第2話 友達とはつまり悪友という(新しく編集)

エロゲ。

通称、エロゲーム。

18禁のとってもエッチなゲームであり、18歳未満は絶対に買えない。

年齢制限が掛かっている。

所謂、C◯ROのZ指定と同じだ。

18歳未満は購入に際し、身分証の提示が求められる.....筈だ。


そんなエロゲをある日の事、うちの美少女クラス委員が16歳という年齢を誤魔化し?ながら何らか?の身分証で買っていた。

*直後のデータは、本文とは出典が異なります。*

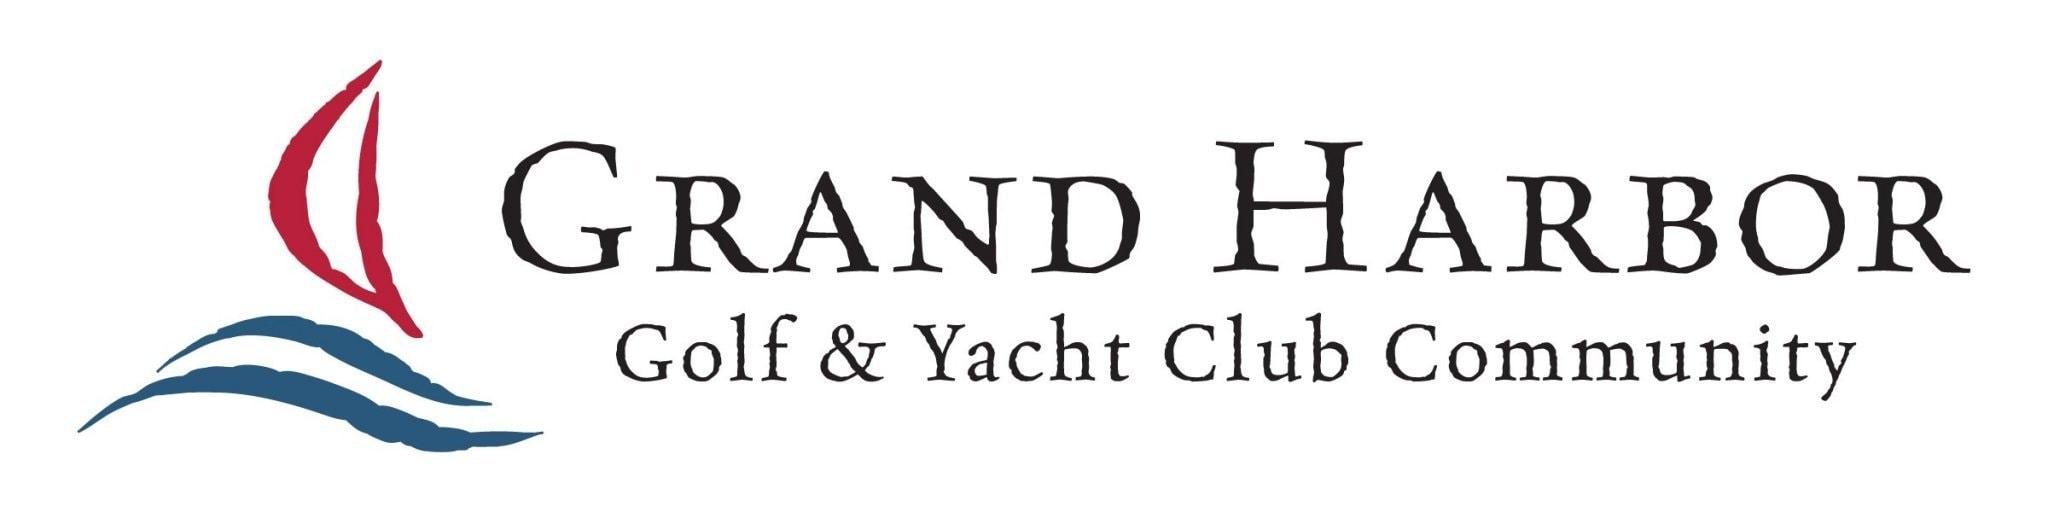 Grand Harbor

彼女は学校一の美少女で有り、学年でも結構な成績をしているのだが。

まさかそんな趣味があるとは思わなんだ。


あまり友人の様に軽々しくその中島という名の少女と話した事は無いが.....そんなものを買う女子とは思わず俺は遭遇してからずっと苦笑いしか出ず、だった。

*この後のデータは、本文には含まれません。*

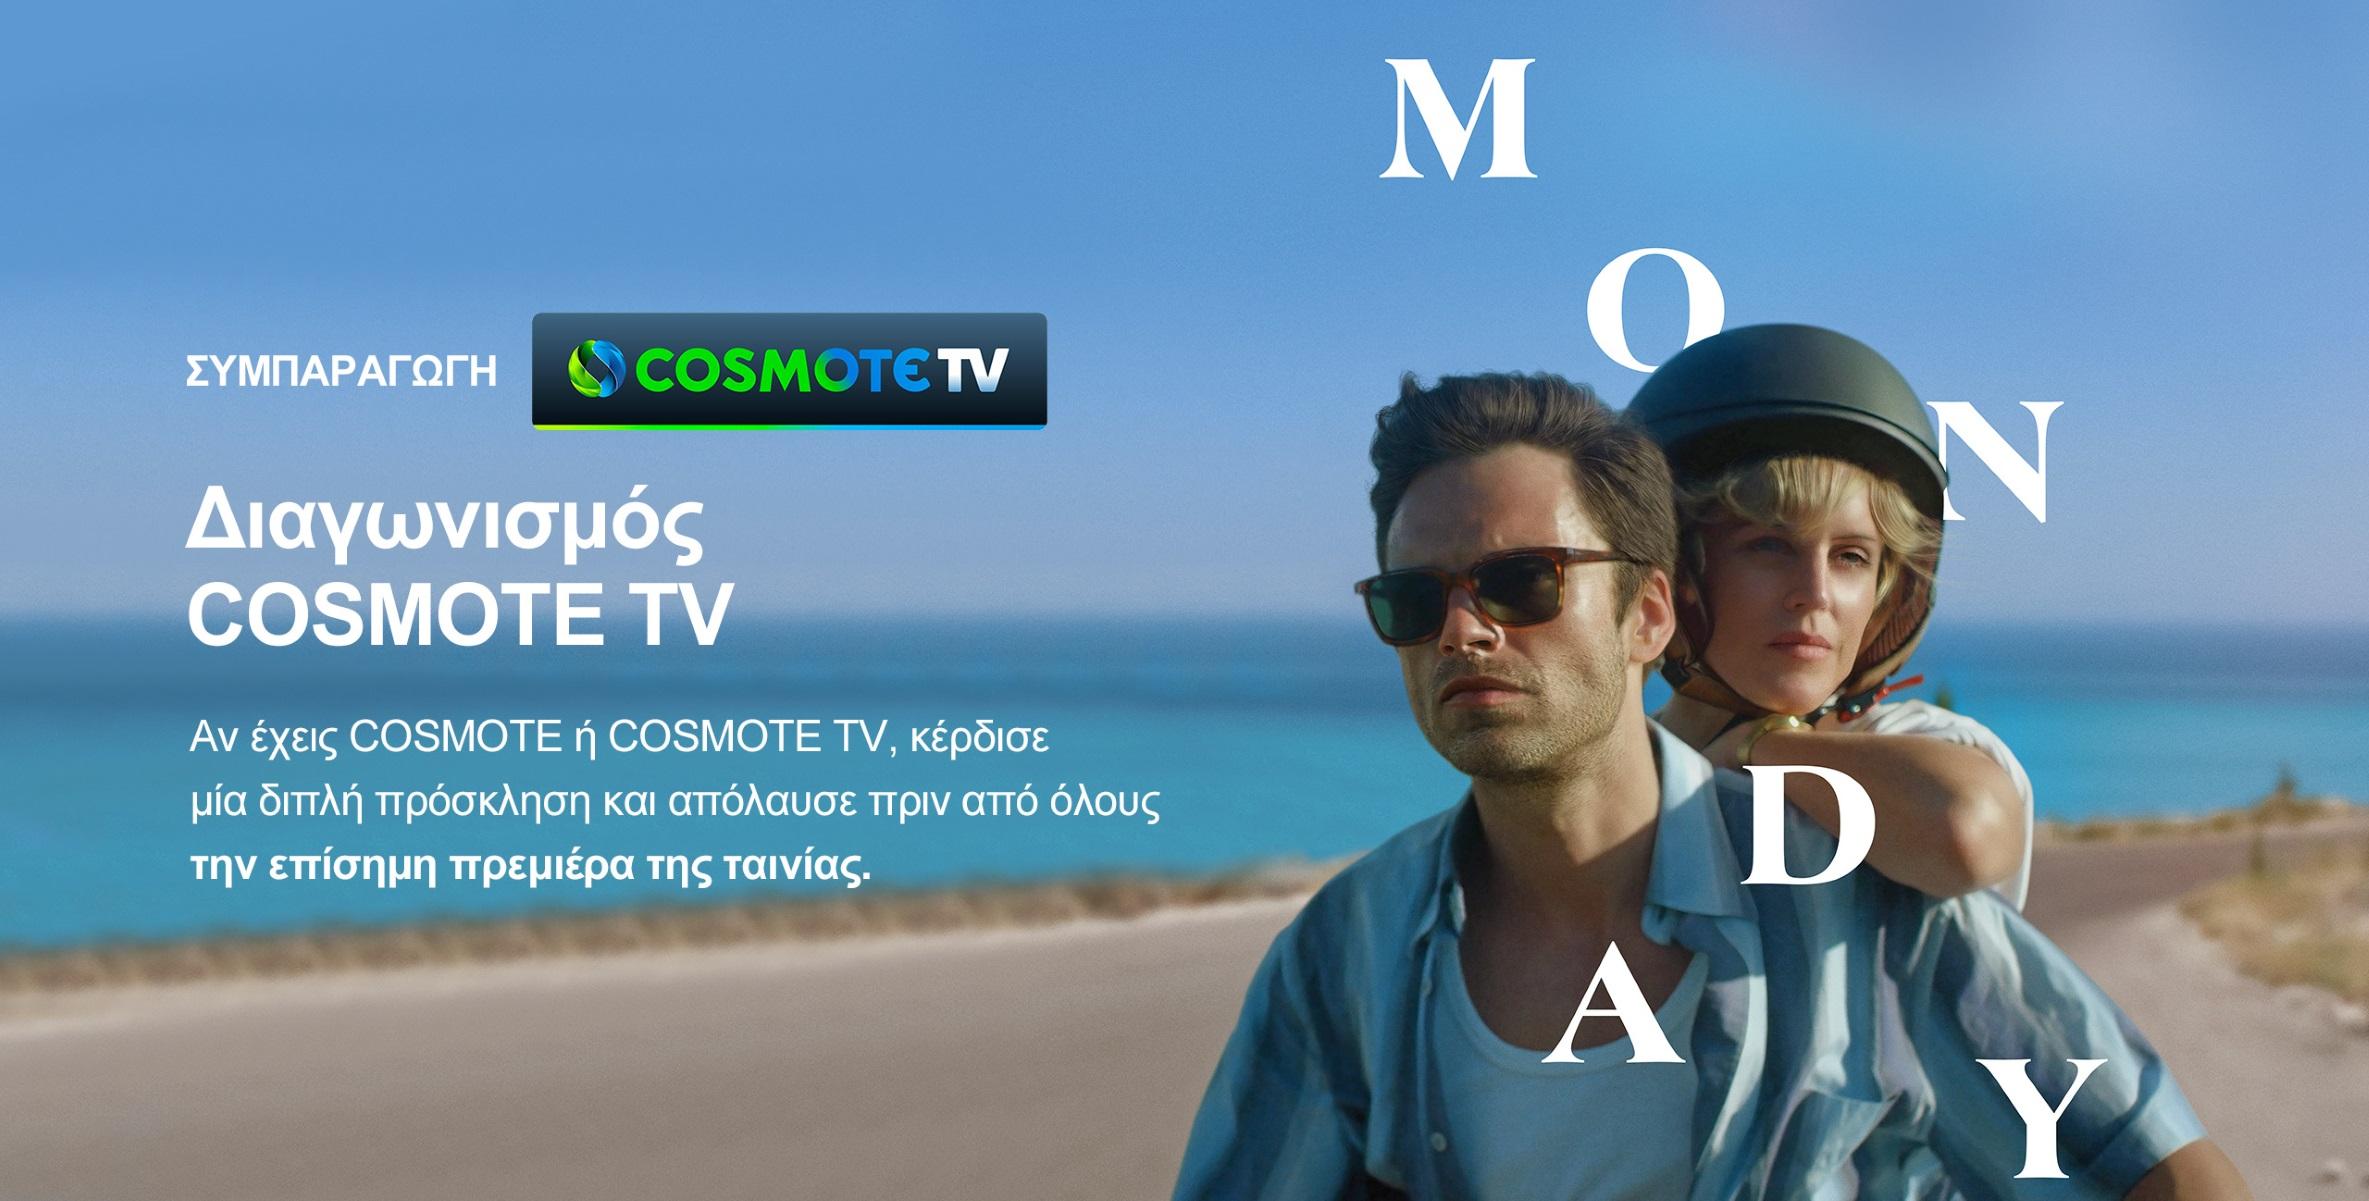 COSMOTE TV: Συμπαραγωγός της ταινίας «Monday» του Αργύρη Παπαδημητρόπουλου (pics, vid)

そしてなかなかその中島に、忘れろ忘れろ忘れろ忘れろ忘れろ、とヤンデレの女子の様に目を回転させた中島に束縛されて逃がしてもらえず。

午後の今に至っている。


時間にして20分も無駄にした。

クソッタレ.....俺に何の恨みがあるってんだ。

それから俺は帰宅してからリビングにため息交じりで居る。

すると帰宅したのか背後から妹の声がしてきた。

どうしたの?と聞きながら、だ。


「お兄ちゃん?」


「.....ああ。柚か。おかえり」


ただいま、と笑みを浮かべて答える真面目系美少女。

荷物を置きながら疲れたぁ、と話した。

長谷川柚(はせがわゆず)、中学3年生の妹だ。

顔が小さく顔立ちがかなり整っており、童顔ながらも大人びている顔。

そして身長も165と結構ある少女。


バレー部の部員だと聞いたが。

成績も優秀な完璧な妹といえる。

性格的には世話焼き女房的な感じだ。

勿論、エロゲとは全く縁もゆかりも無い本当の真面目系。

熱中スポコン系だ。


そんな柚を見ながら、何でもない、と俺は苦笑した。

柚は、そう?、と俺から視線を外しながら喉が渇いていたのかジュースを鼻歌交じりにコップにいれてから。


ついで的な感じで俺に向いて、飲む?、と聞いてくる。

俺は、ああじゃあ.....貰おうかな、と返事しながらそのままジュースの入ったコップを受け取った。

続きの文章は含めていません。